Down in the mess hall, the crew was finishing breakfast and grumbling about not eating until sunset. Technically, Vartan Sardarian didn't have to worry about that - he had no religion, and the church he didn't go to was Orthodox - but if the men couldn't eat, he didn't eat. His XO laughed at that; he was Muslim, and he was in the galley scaring up lunch.
Up on deck, Vartan stood by the railing with a cup of coffee and looked out over the Red Sea. His watch began in half an hour and he should really have been on the bridge, but there wasn't any purpose. Nothing would happen today except the eternal game of chicken - trying to get close enough to the Arabian side to see something, and shooing away any Arabians who showed their faces in Egyptian waters. He'd been playing that game for six years, and he knew all the rules.
Damn, but he was tired of it.
His coffee finished, he threw the cup into the water and made his way to the bridge. The exec came in at about the same time with a wrap of sausage and chickpeas in hand; the look the duty lieutenant gave him was just short of dumb insolence. Sometime soon, Vartan was going to have to talk to him; Mohammed was worth five aristobrat lieutenants, but it didn't pay to antagonize them, and too blatant an apostasy could be trouble in its own right. Later, when they were in private.
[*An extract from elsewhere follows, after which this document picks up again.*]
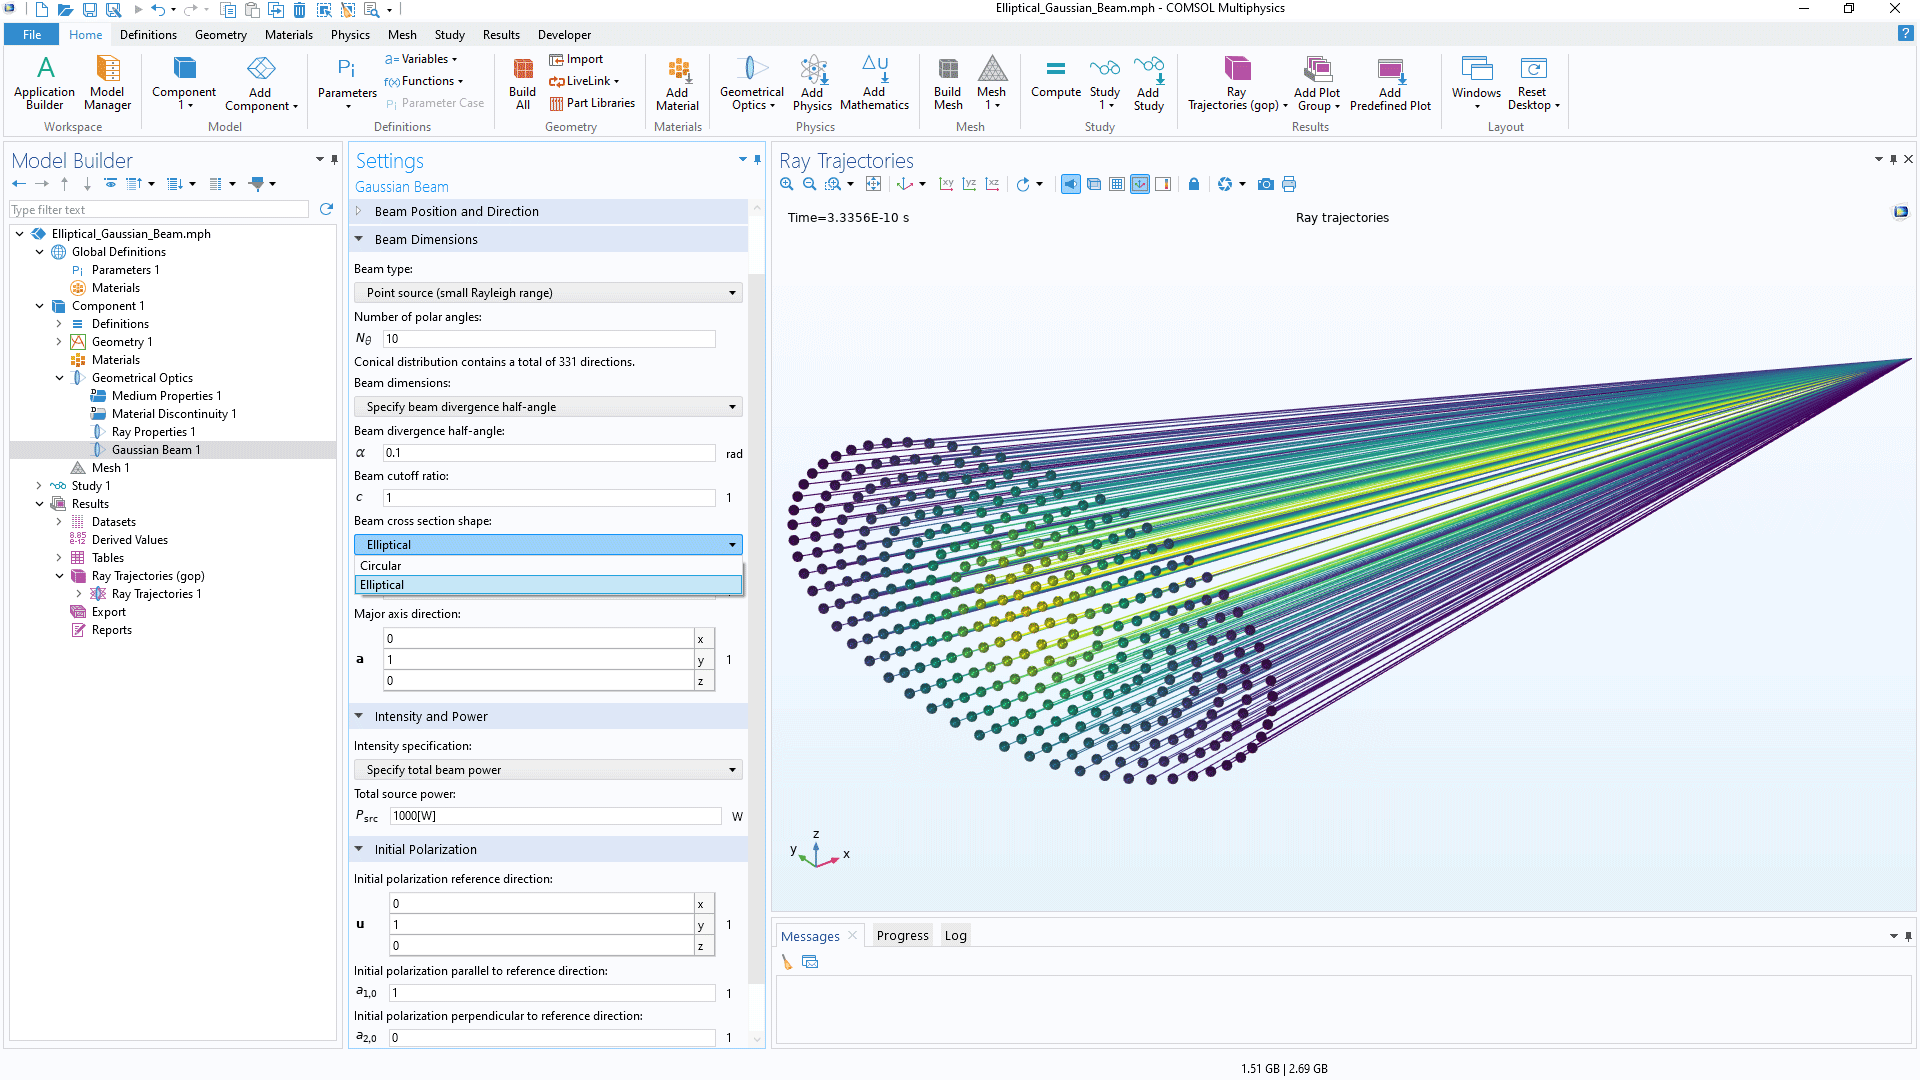 The COMSOL Multiphysics UI showing the Model Builder with the Gaussian Beam node highlighted, the corresponding Settings window, and a beam model in the Graphics window.

The lieutenant saw Vartan and sketched a salute; that was also just short of dumb insolence, but for a different reason. Vartan was a Christian, an immigrant, a person of no family - which was also why he had six years in grade, why he still commanded a Red Sea corvette, and why the lieutenant would probably make captain before he did.
He'd have something to say about that later also. In the meantime, he acknowledged the salute. "Anything?"
"We've got something on radar, sir," the lieutenant replied. "It's been going in and out, but it's on a pretty steady heading." He didn't seem alarmed; an intermittent signal on Egyptian radar was as likely to be a log or a bird as anything they'd have to notice.
It still paid to make sure. "Range?"
"Eight point six klicks, bearing one three one. We should have confirmation on it in a few minutes..."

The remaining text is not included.